The Regulatory and Standards Basis for Calibration Certificate Requirements
What ISO/IEC 17025:2017 Requires From a Calibration Certificate
ISO/IEC 17025:2017 clause 7.8 defines the mandatory content for all accredited laboratories globally. The 2017 revision strengthened requirements for measurement uncertainty and traceability statements compared to the 2005 version. Both SINGLAS-accredited Singapore laboratories and SAMM-accredited Malaysian laboratories are assessed against these requirements.

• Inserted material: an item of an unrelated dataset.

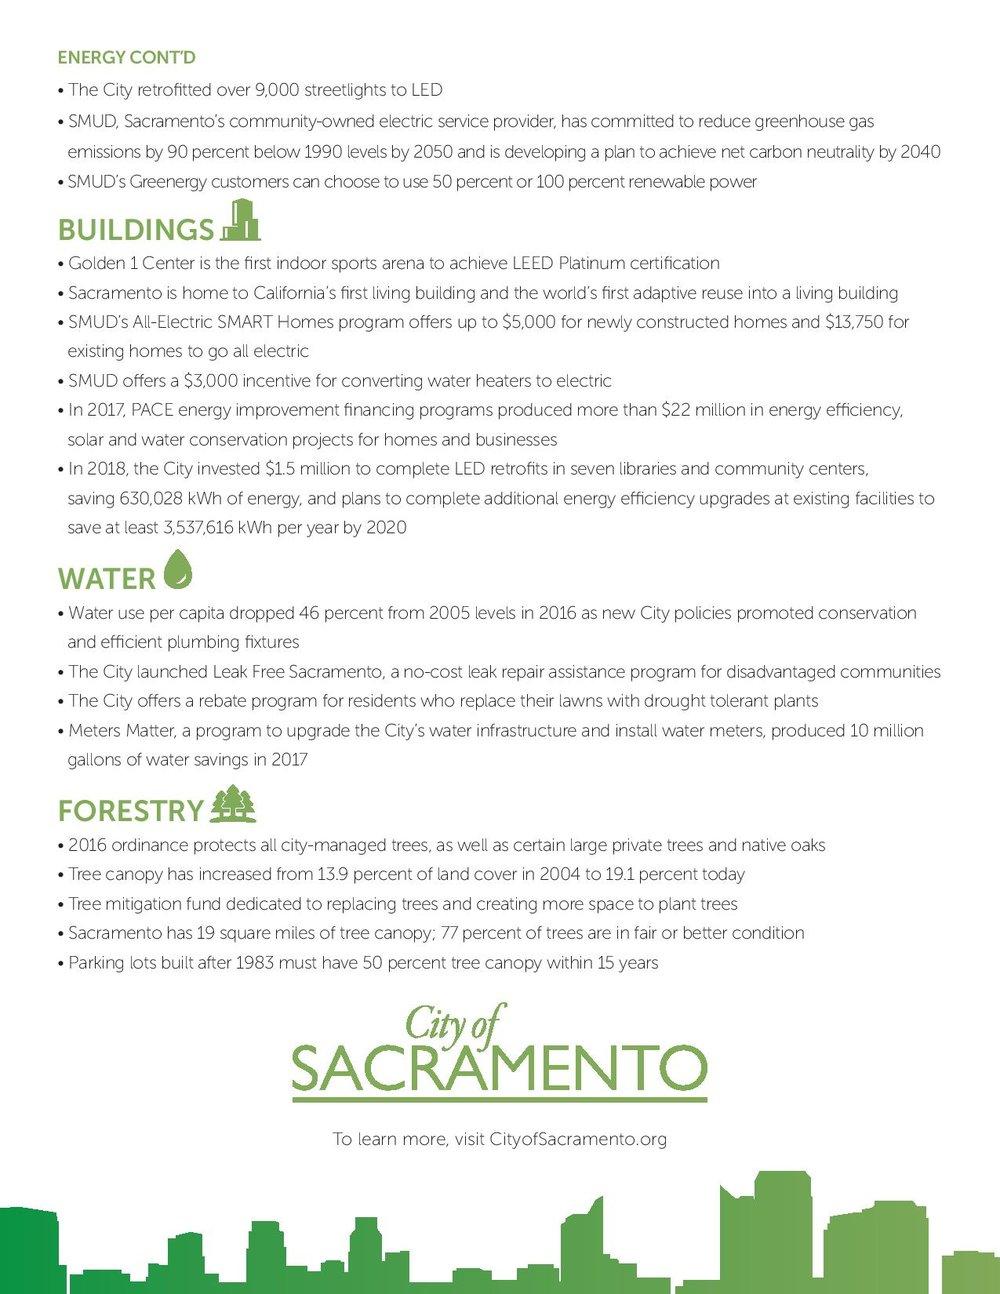 greencity-page-002.jpg

How Malaysian Regulatory Contexts Reference These Requirements: DOSH, PETRONAS, GMP, and ISO Audits
ISO 9001 clause 7.1.5 requires that monitoring and measuring resources be traceable to national or international standards. Auditors interpret this through ISO/IEC 17025 content requirements. PETRONAS vendor documentation specifies what a certificate must include for contractor instruments. Pharmaceutical GMP guidelines require full measurement documentation, including uncertainty. DOSH inspectors assess document currency, accreditation status, and instrument identification for statutory instruments.

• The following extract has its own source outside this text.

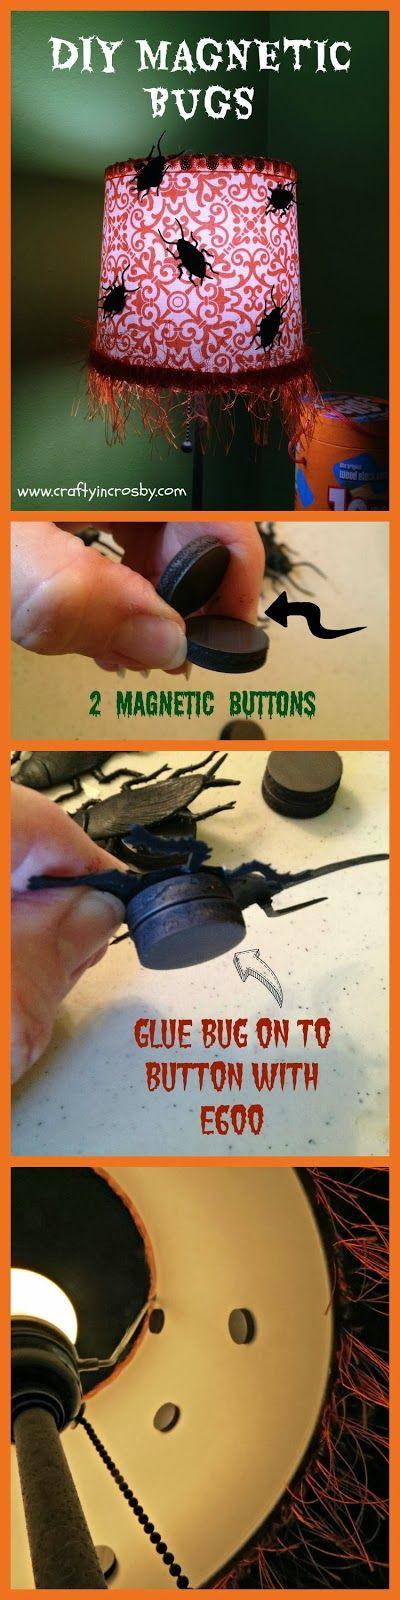 DIY Magnetic Bugs - Creepy Crawlers for Halloween!

What SAMM Accreditation Adds to Certificate Requirements in Malaysia
Laboratories accredited under Malaysia’s Department of Standards (DSM) must issue documents that satisfy ISO/IEC 17025:2017 with additional national traceability requirements linking to SIRIM (Standards and Industrial Research Institute of Malaysia) as Malaysia’s national measurement institute. A SAMM document differs from an unaccredited service provider’s record in all eight mandatory content elements.
The Mandatory Content Elements of a Compliant Calibration Certificate
Before reviewing each element in detail, the table below shows what each must include and the most common deficiency found in Malaysian audit contexts.
Element | What It Must Include | Common Deficiency |
Laboratory identification | Name, address, accreditation number, ILAC MRA logo | Missing accreditation number or ILAC logo |
Instrument identification | Description, manufacturer, model, serial number, asset tag | Serial number only, no asset tag reference |
Date and environmental conditions | Date, temperature, humidity, pressure, where applicable | Environmental conditions absent |
Reference standards | Standard ID, certificate reference, uncertainty | “Traceable standards” without specific detail |
Calibration results | As-found and as-left measured values | Pass or fail statement only |
Measurement uncertainty | Expanded uncertainty at stated confidence level | Results without uncertainty figure |
Traceability statement | Named measurement institute and calibration chain | “Traceable to national standards” only |
Technician identification | Technician ID, reviewing authority, date of issue | Unsigned or no reviewer named |
Element 1: Laboratory Identification and Accreditation Details
What the Accreditation Number and ILAC MRA Logo Confirm
The document must show the laboratory name, address, accreditation body name, accreditation number, and scope reference. The ILAC MRA logo confirms independent assessment against ISO/IEC 17025 by a recognised accreditation body. Verify the accreditation number against the SAC or DSM online registry before accepting the document.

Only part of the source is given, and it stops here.